WASHINGTON — U.S. Sens. John Thune (R-S.D.) and Mike Rounds (R-S.D.) and U.S. Rep. Dusty Johnson (R-S.D.) today expressed their frustration and concern with the U.S. Department of Veterans Affairs’ (VA) recommendations to the Asset and Infrastructure Review (AIR) Commission to close or downsize several VA health care facilities in South Dakota.
“The VA’s recommendations to the AIR Commission should seek to expand and improve access to health care. Instead, the VA has issued proposals that would reduce access to health care and impose serious hardships on rural and tribal veterans,” the delegation wrote. “Removing services from the Hot Springs and Fort Meade facilities, and consolidating health care services in Rapid City and Sioux Falls, would substantially reduce high-quality care options for those veterans who have benefited from access to rural VA services in South Dakota.”

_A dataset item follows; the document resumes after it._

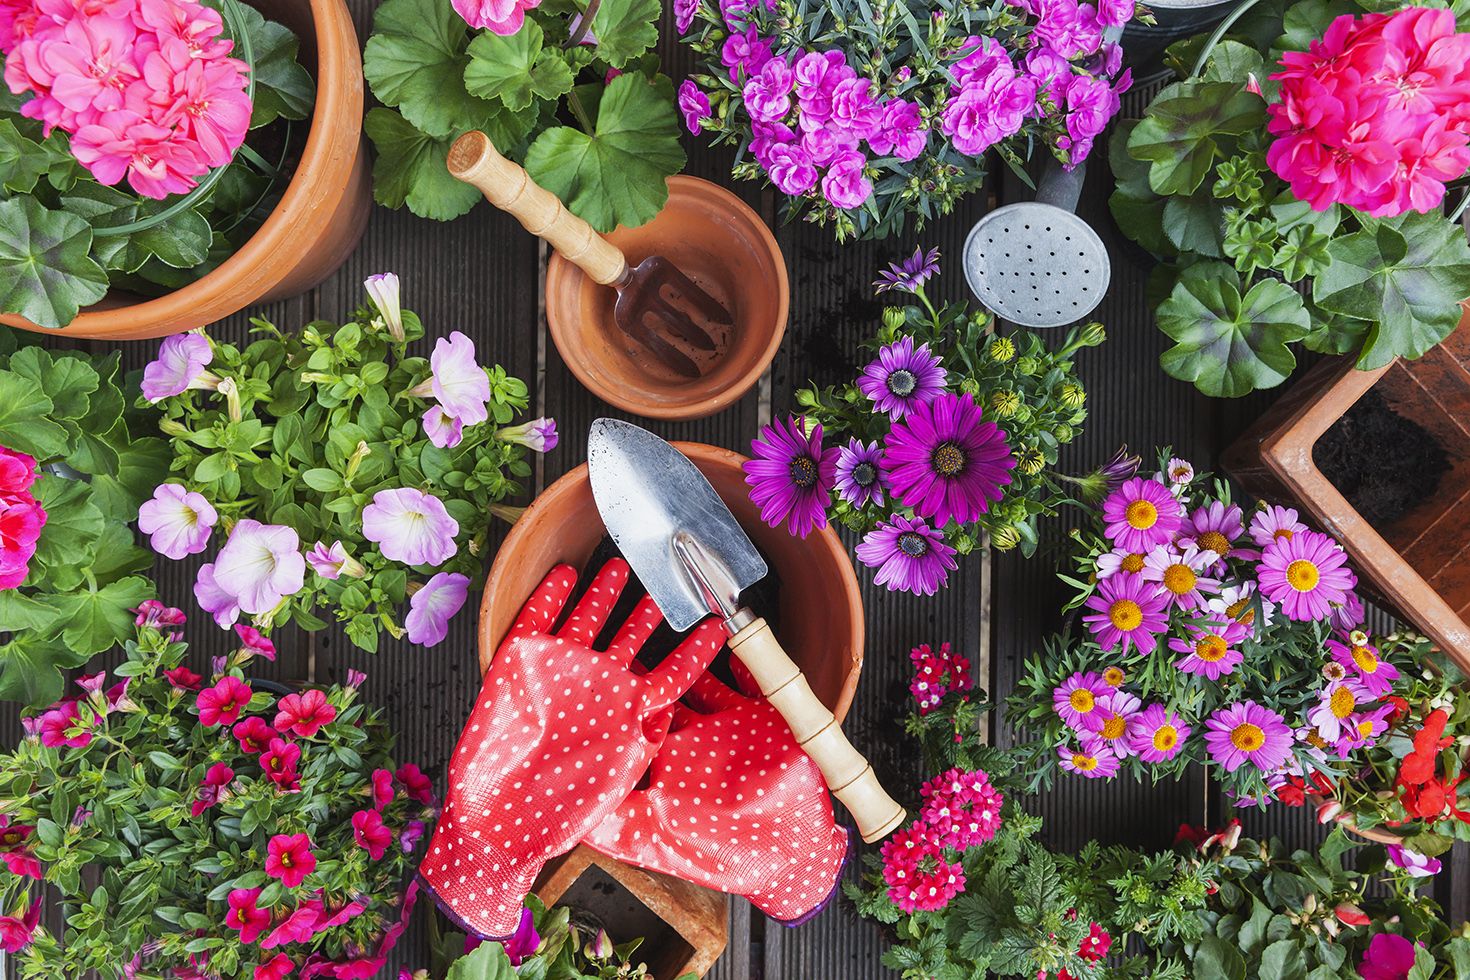 23 Best Online Garden Accessories - Best Garden Tools on Amazon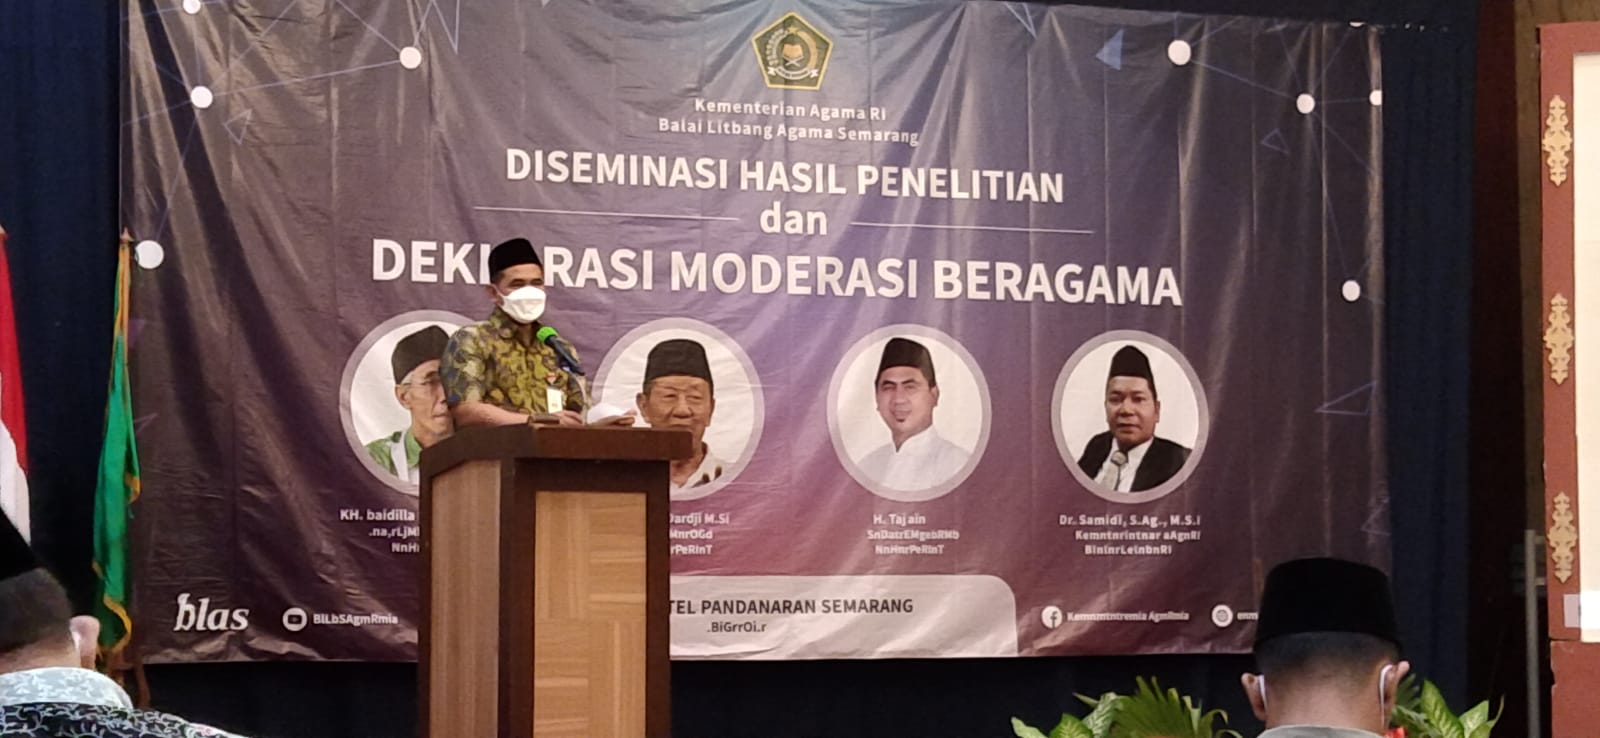 Taj Yasin Maimoen saat menghadiri acara Deklarasi Moderasi Beragama, Tito Isna Utama/Lingkar.co

The delegation also issued statements after the Biden administration notified the VA facilities in Hot Springs, Fort Meade, and Wagner that its proposed recommendations, which are part of a multi-year nationwide review of VA health care infrastructure, include plans for them to close or be downsized. The delegation’s decade-long fight to save the Hot Springs VA culminated in October 2020 when then-VA Secretary Robert Wilkie notified them that the VA had formally rescinded its earlier record of decision to realign the VA Black Hills Health Care System, which would have significantly reduced services at the Hot Springs VA Medical Center.